▶ **What the task requires**: Look below for the line with "Burberry White Sweatshirt"; begin the copy there and stop after the line with "Свадьба - Cupcakes!!", keeping the text exact and the pictures out.

▶ **Recorded information**:
************

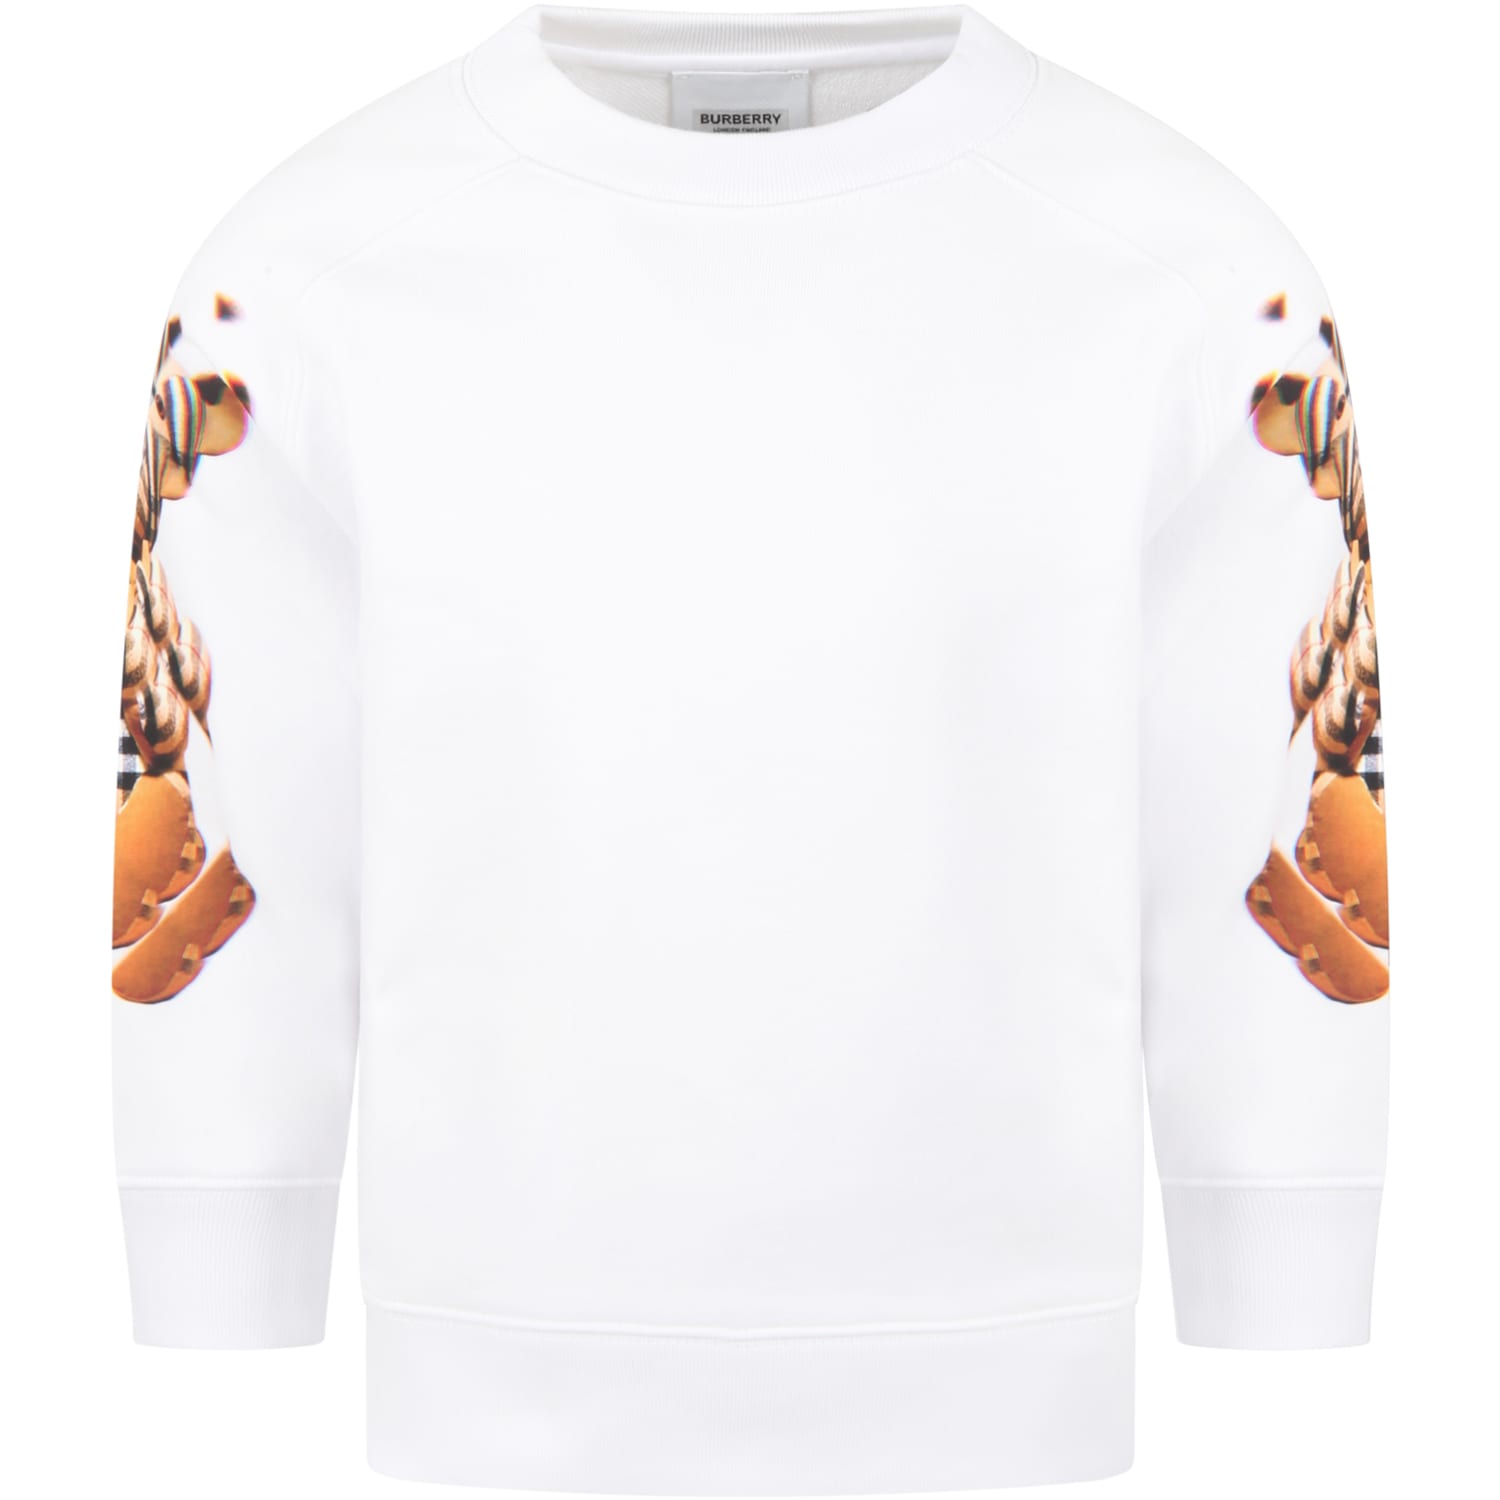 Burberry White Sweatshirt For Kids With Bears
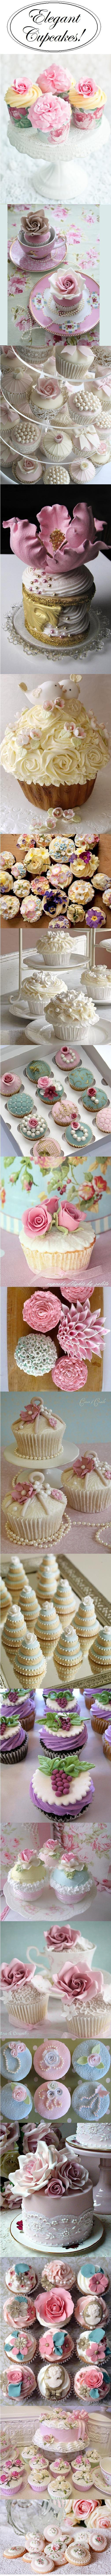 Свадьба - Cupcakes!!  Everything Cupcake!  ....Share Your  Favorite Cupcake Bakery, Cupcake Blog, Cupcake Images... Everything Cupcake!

************

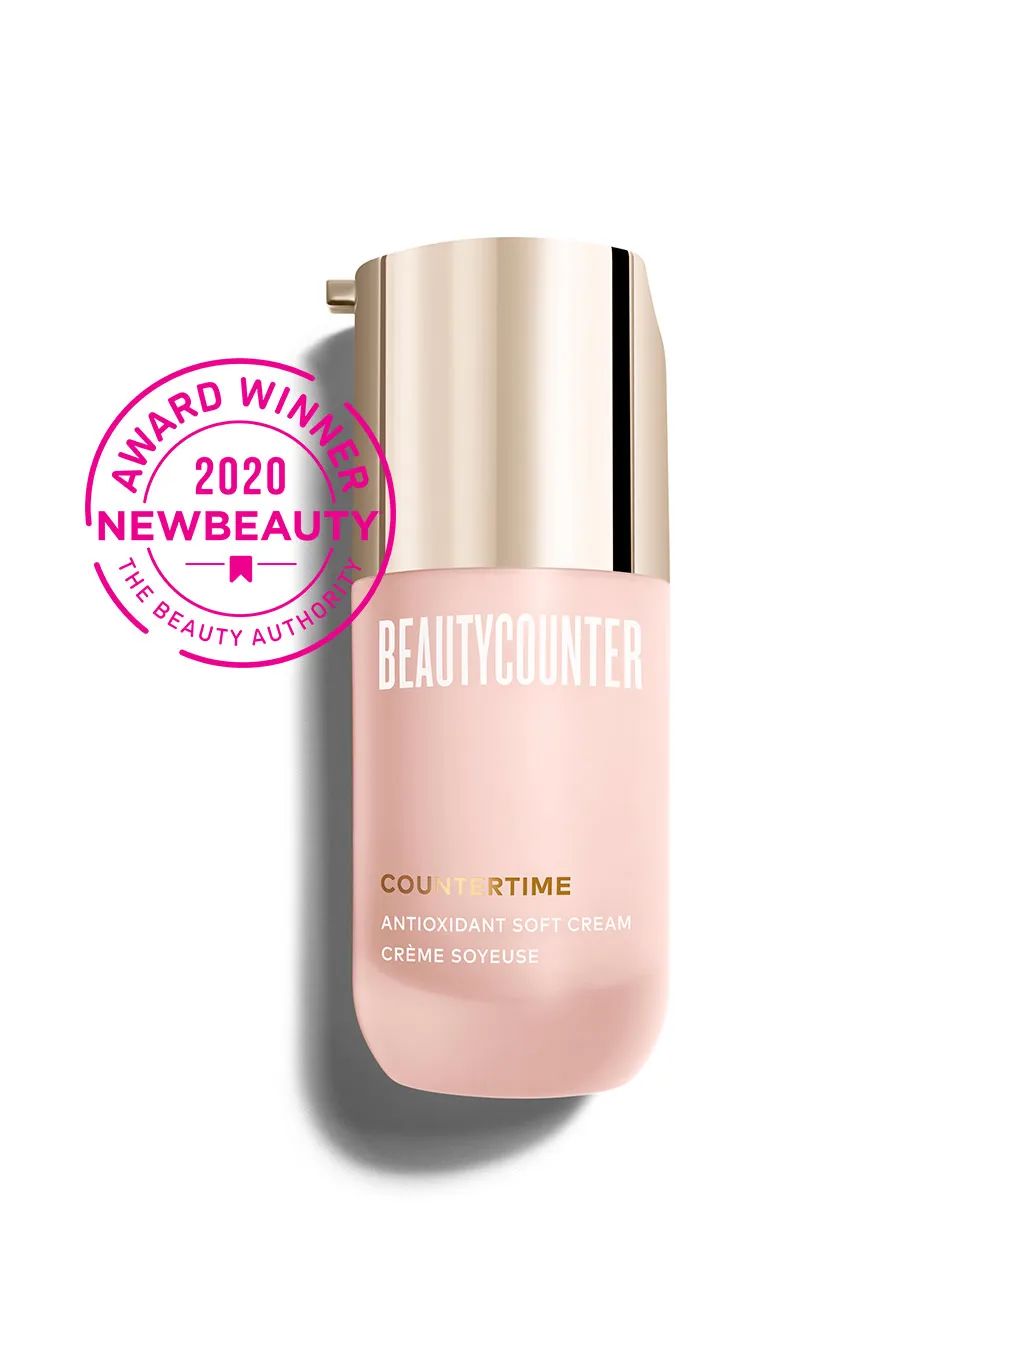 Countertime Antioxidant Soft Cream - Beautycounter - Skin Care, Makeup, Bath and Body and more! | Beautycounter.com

************

▶ **Answer section**:
 Burberry White Sweatshirt For Kids With Bears
 Свадьба - Cupcakes!!  Everything Cupcake!  ....Share Your  Favorite Cupcake Bakery, Cupcake Blog, Cupcake Images... Everything Cupcake!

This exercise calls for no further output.